The federal government's mandatory budget cuts in 2014 had a severe impact on the FBI, requiring the federal agency to implement a hiring freeze that threatened to result in more than 2,000 vacant positions or roughly the equivalent of shutting down the agency's three largest field offices: Chicago, Miami and Baltimore. The budget cuts limited the agency's number of workers devoted to forensics and victim specialists, government officials warned in a letter to the House of Representative in June 2013, documents made public in recent days show.

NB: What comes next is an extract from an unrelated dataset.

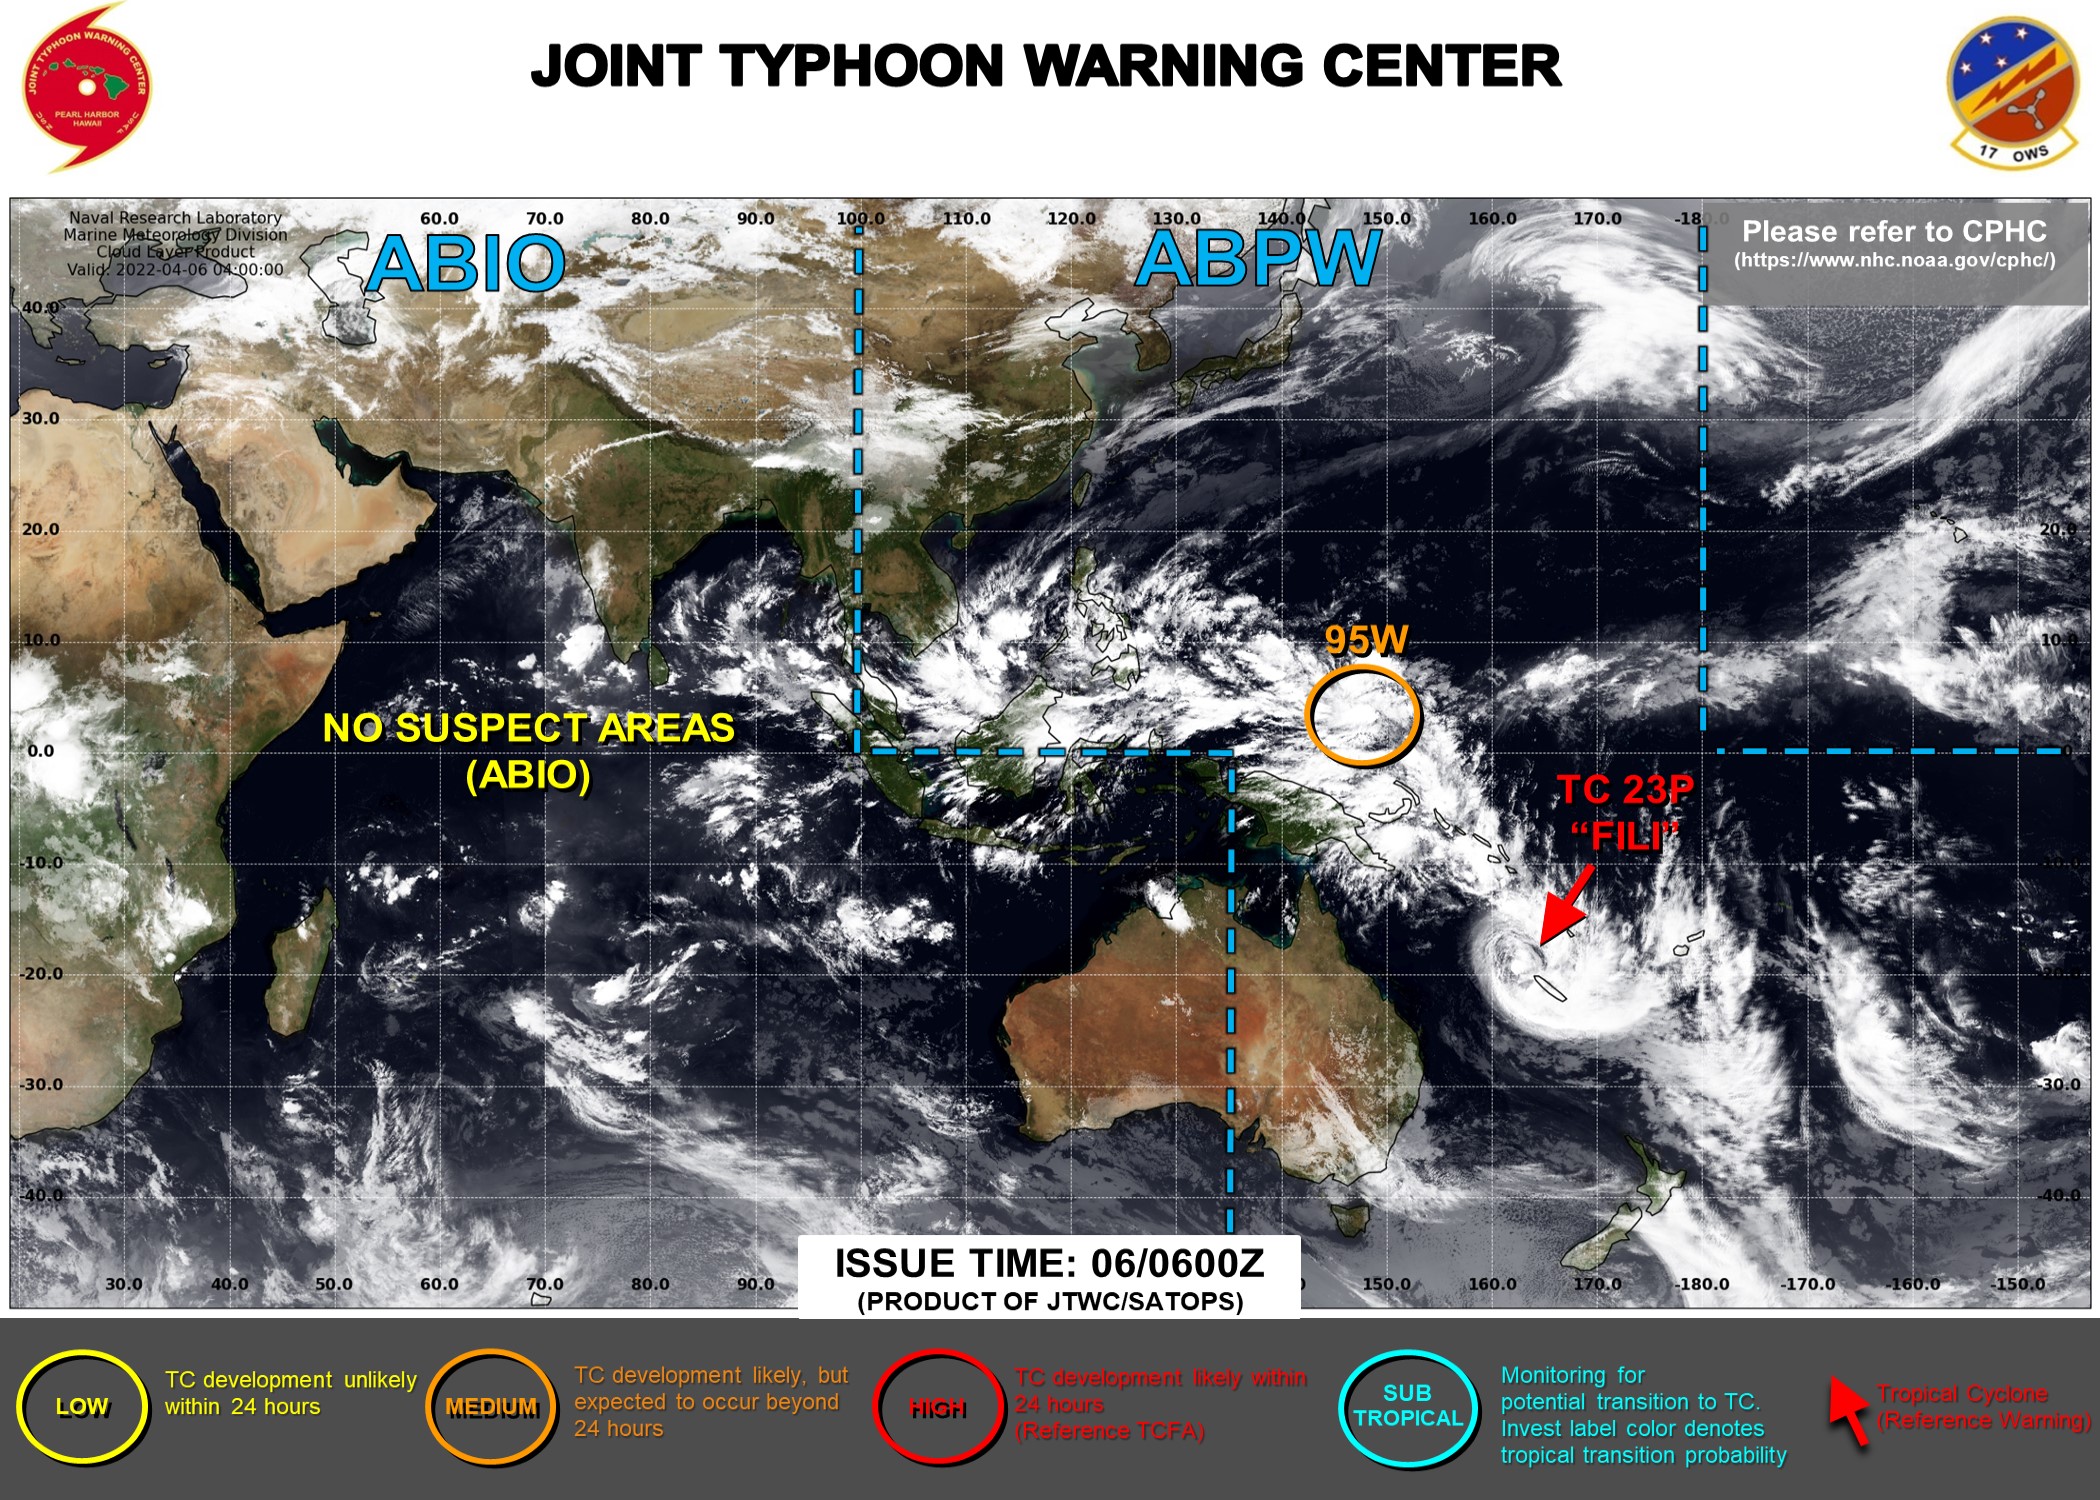 JTWC IS ISSUING 6HOURLY WARNINGS AND 3HOURLY SATELLITE BULLETINS ON TC 23P(FILI).

"To absorb the personnel funding reductions under Sequestration, the FBI has implemented a hiring freeze that will result in over 2,200 vacant positions by the end of Fiscal Year (FY) 2013: 350 special agents, 275 intelligence analysts and 1,575 professional staff employees, including forensic and computer scientists, electronic engineers and technicians, contracting officers, police officers and victim specialists," the letter from the FBI to House members read. "To put this number of vacancies in perspective, it is the equivalent of shutting down three of the FBI's largest field offices -- Chicago, Miami and Baltimore."

The FBI receives about 200,000 staff applications each year, the letter said. The document echoes an independent, external review of the FBI's operation in March by the 9/11 Review Commission, which found the mandatory budget cuts, also known as sequestration, had “severely hindered” the FBI’s intelligence-gathering efforts and national security programs.

“Despite the growth of budget authority since FY01, in recent years the FBI faced complex threats with reduced funds, in part as a result of sequestration. In a May 2014 speech, FBI Deputy Director Mark F. Giuliano noted the bureau had been cutting programs during the last few fiscal years, and so its allocation of $8.3 billion in FY14 was a ‘relief,’ ” the report said, adding sequestration had a “devastating” impact on the bureau’s reform initiatives.

Sequestration, which largely applied to defense and domestic spending, began in March 2013 and is expected to continue until 2021. It's aimed at reducing the U.S. national debt, which skyrocketed as a result of the Iraq and Afghanistan wars and 2008 recession.

In March 2014, the FBI said it was scrambling to restart classes at its training academy as it lifted the hiring freeze and was beginning to hire hundreds of special agents and analysts, the Washington Post reported.